The value \(A_i\) of each concept \(C_i\) in a moment \(k+1\) is calculated by the sum of the previous value of \(A_i\) in a precedent moment \(t\) with the product of the value \(A_j\) of the cause node \(C_j\) in precedent moment k and the value of the cause-effect link \(e_{ij}\). The mathematical representation of FCMs has the following form:

$$\begin{aligned} A_i (k+1) = f\left( A_i (k) + \sum _{j=1}^N A_j (k) \cdot e_{ji}\right) \end{aligned}$$
(1)

where \(f(\cdot )\) is a threshold (activation) function [82, 83]. Sigmoid threshold function gives values of concepts in the range \([0,1]\) and its mathematical type is:

$$\begin{aligned} f(x) = \frac{1}{1+e^{-m \cdot x}} \end{aligned}$$
(2)

where \(m\) is a real positive number and \(x\) is the value \(A^{(k)}_i\) on the equilibrium point [79, 82]. A concept is turned on or activated by making its vector element 1 or 0 or in \([0,1]\).
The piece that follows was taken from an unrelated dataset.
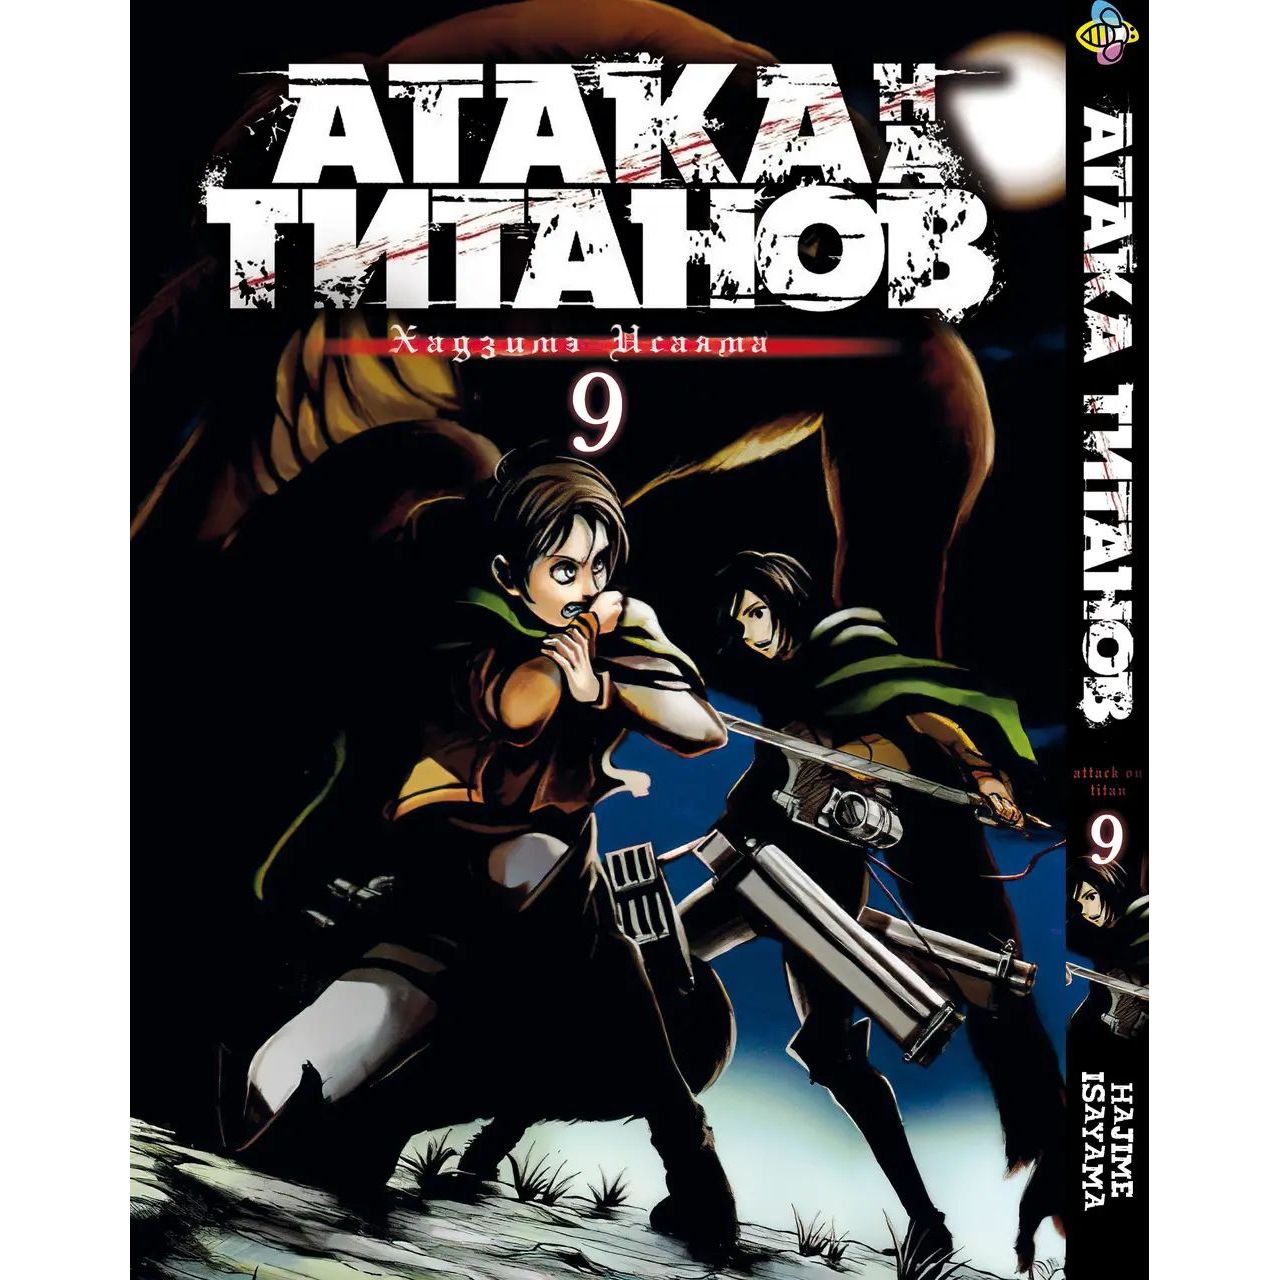 Комплект Манги Bee's Print Attack on Titan Атака Титанов BP ATSET 02 том 1-34 - Хадзимэ Исаяма (1754239195.0) - фото 9

The transformation function is used to reduce unbounded weighted sum to a certain range, which hinders quantitative analysis, but allows for qualitative comparisons between concepts [79].

New state vectors showing the effect of the activated concept are computed using method of successive substitution, i.e., by iteratively multiplying the previous state vector by the relational matrix using standard matrix multiplication \(A^k = A^{k-1} + (A^{k-1} \cdot W)\). The iteration stops when a limit vector is reached, i.e., when \(A^k = A^{k-1}\) or when \(A^k - A^{k-1} \le e\); where \(e\) is a residua, whose value depends on the application type (and in most applications is equal to \(0.001\)). Thus, a final vector \(A_f\) is obtained, where the decision concepts are assessed to clarify the final decision of the specific decision support system.

4 FCM for Decision Support

Real-world problems are not static, the environment changes continuously while decision makers attempt to make a choice, and that it also changes as a result of those choices. In fact, most of real-world decision making is dynamic. Critical decisions in finance, sales, engineering, manufacturing, and other fields need interrelated resource-constrained decisions under hardly complex and uncertain environments.

Overall, decision support includes selecting the optimal strategy for reaching goals, from several strategies. The risks and uncertainties associated with each alternative shape a set of constraints with influence over this process [7]. Real-world issues are often composed by several elements interrelated in so complex ways. In addition, they are frequently dynamic, since they evolve with time by the interactions among elements [63].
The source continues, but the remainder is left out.